> TASK BRIEF
Write out, please, each line from the one containing "VILLEROY BOCH Antao" to the final line of the data, both included, exactly and without pictures.

> INFORMATION SHOWN
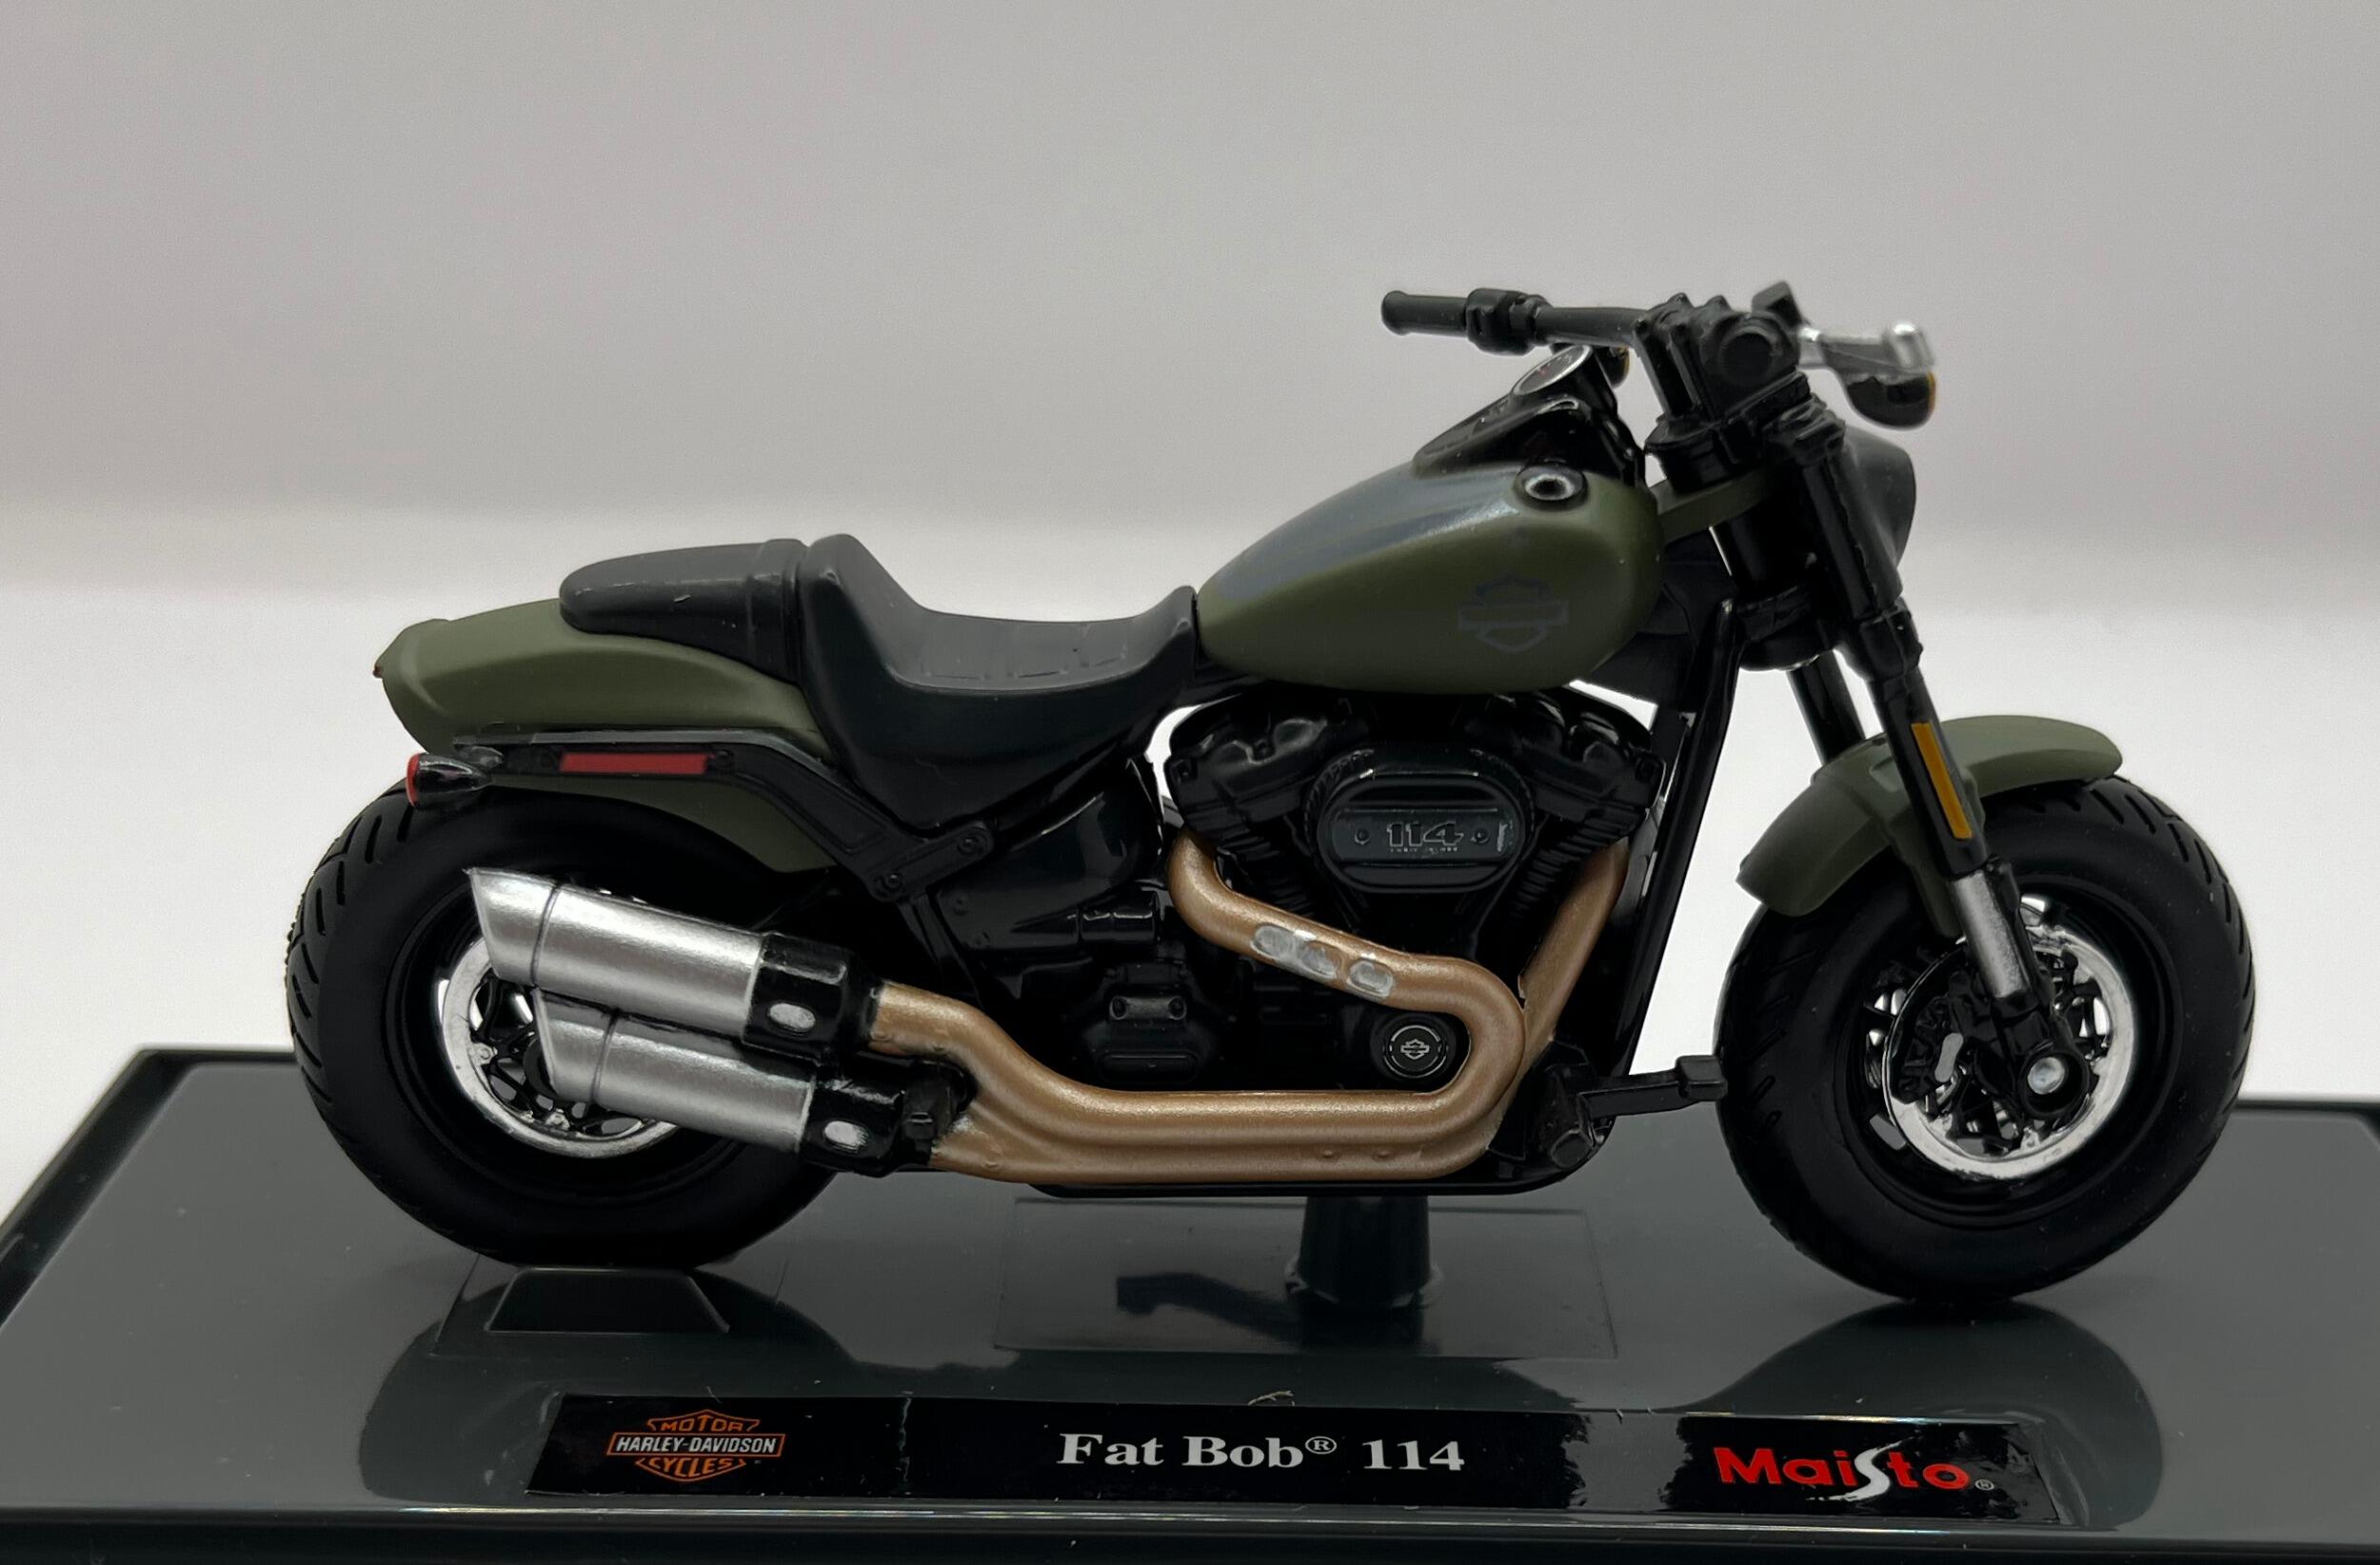 Harley Davidson Fat Bob 114 2022 in olive & black, 1:18 scale motorcycle model from Maisto, 21854
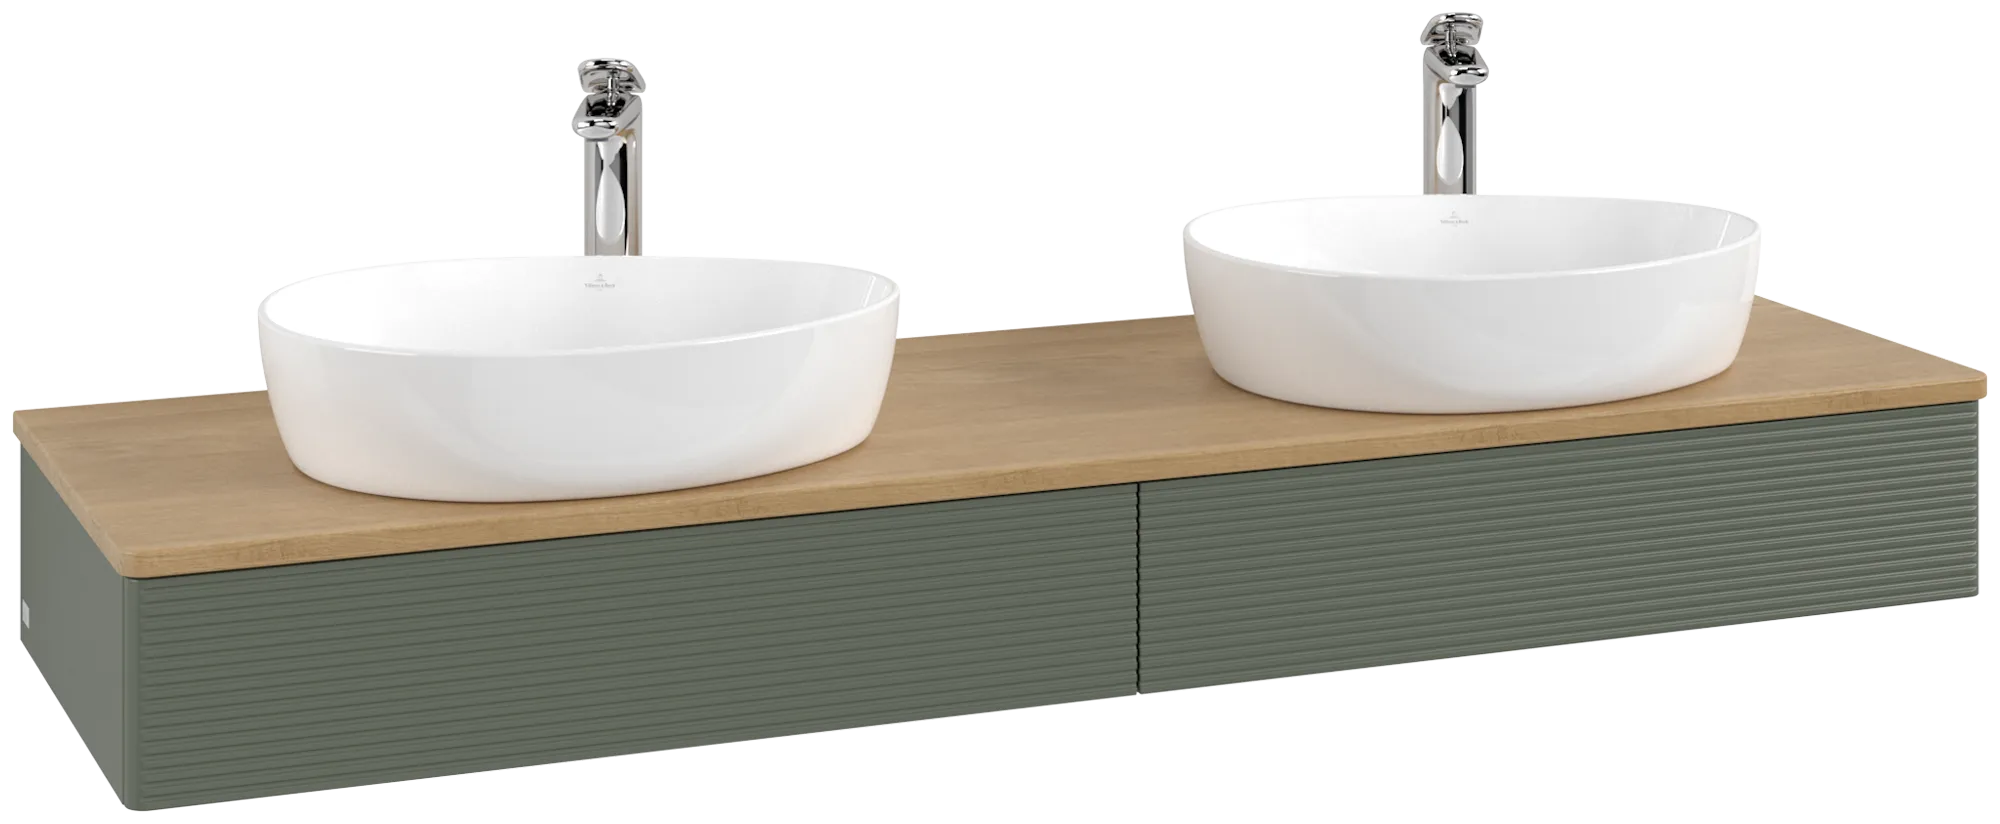 VILLEROY BOCH Antao Vanity unit, 2 pull-out compartments, 1600 x 190 x 500 mm, Front with grain texture, Leaf Green Matt Lacquer / Honey Oak #K17151HL resmi
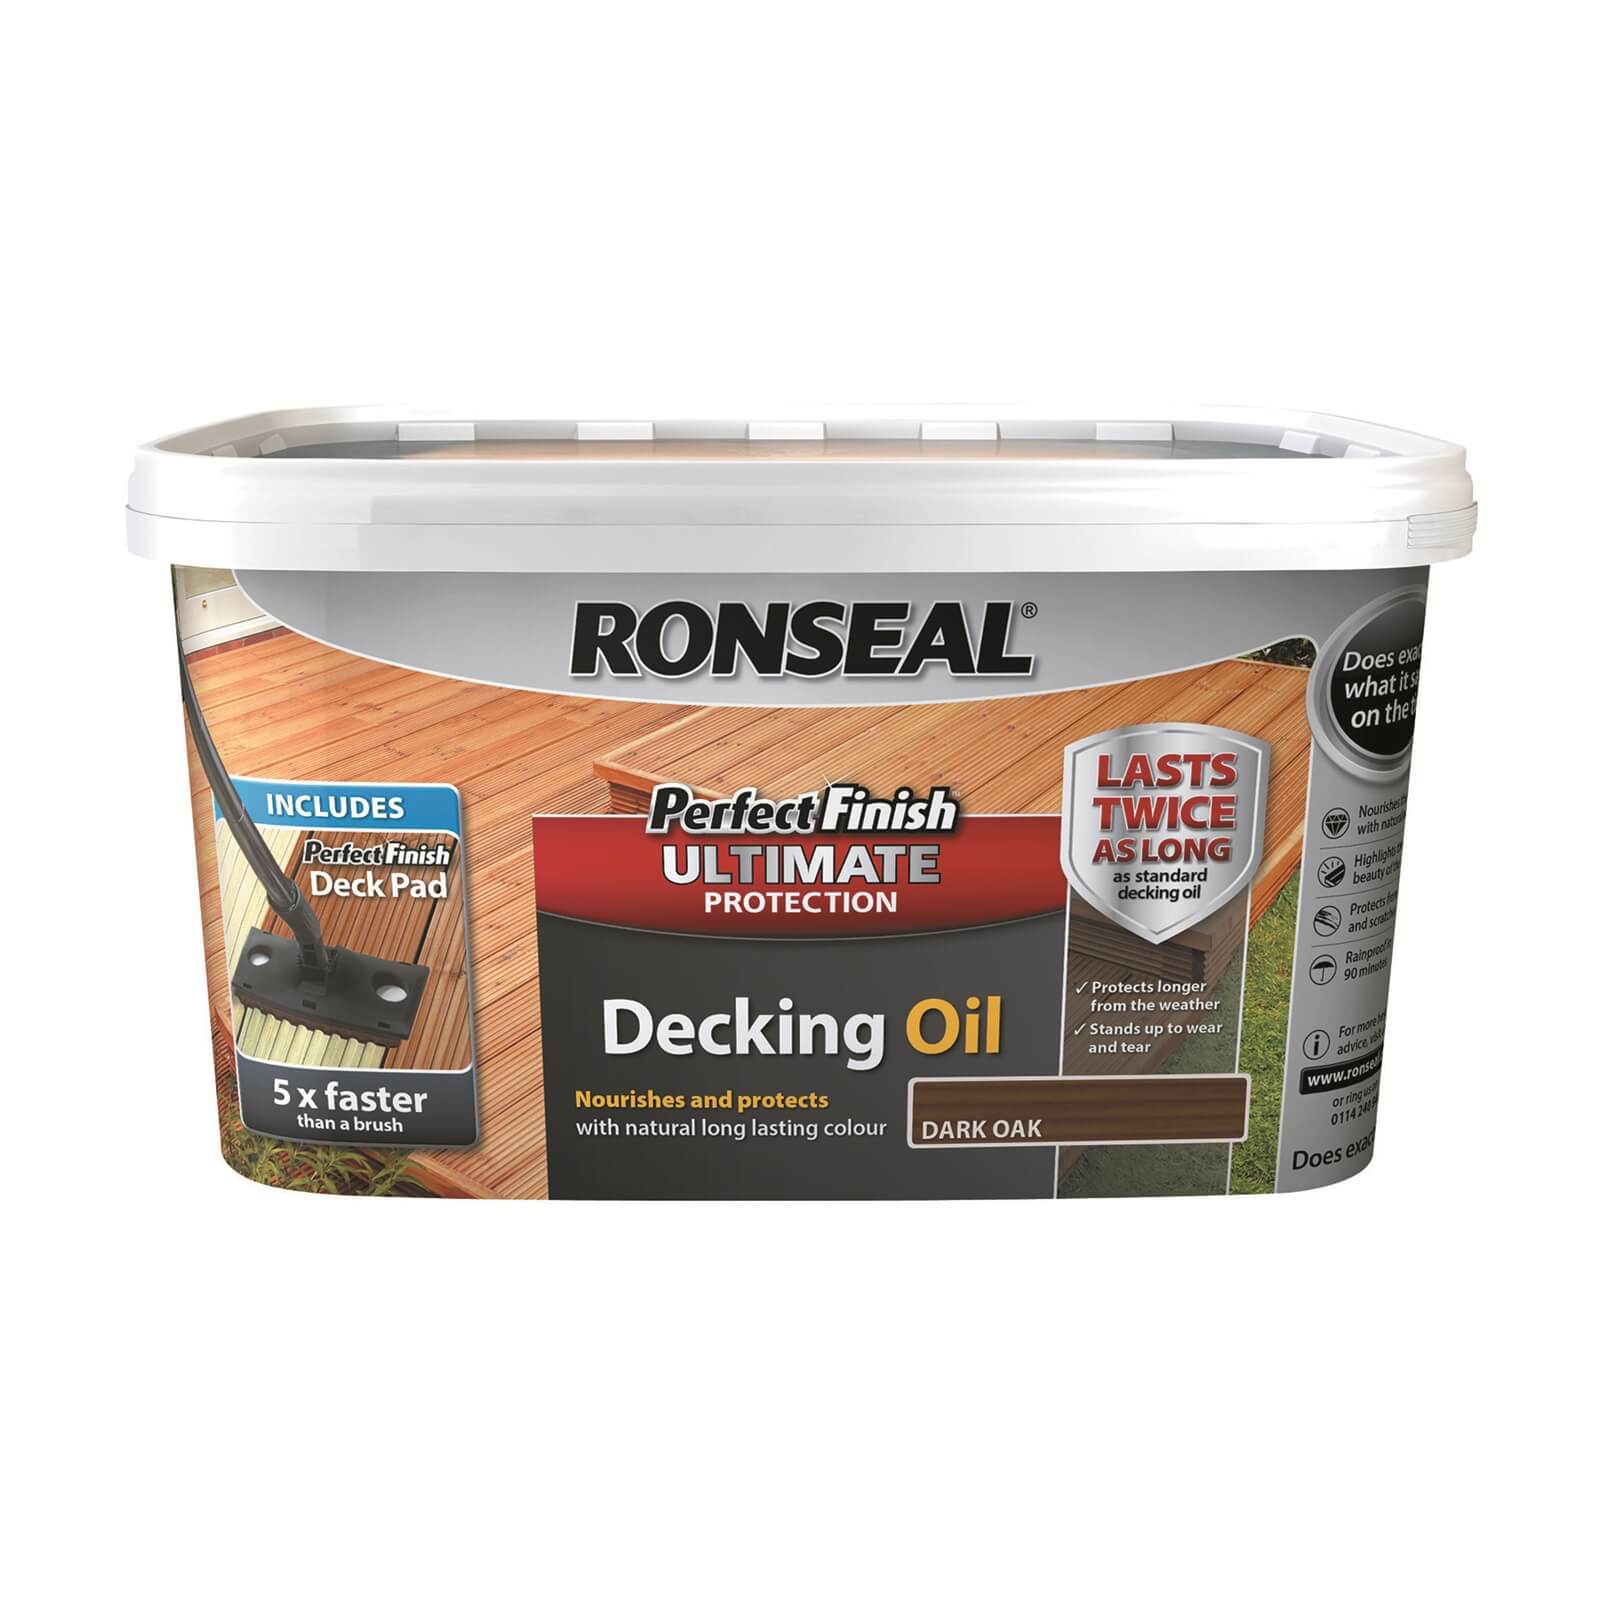 Ronseal Perfect Finish Ultimate Decking Stain Dark Oak - 2.5L

> EXPECTED ANSWER
 VILLEROY BOCH Antao Vanity unit, 2 pull-out compartments, 1600 x 190 x 500 mm, Front with grain texture, Leaf Green Matt Lacquer / Honey Oak #K17151HL resmi
 Ronseal Perfect Finish Ultimate Decking Stain Dark Oak - 2.5L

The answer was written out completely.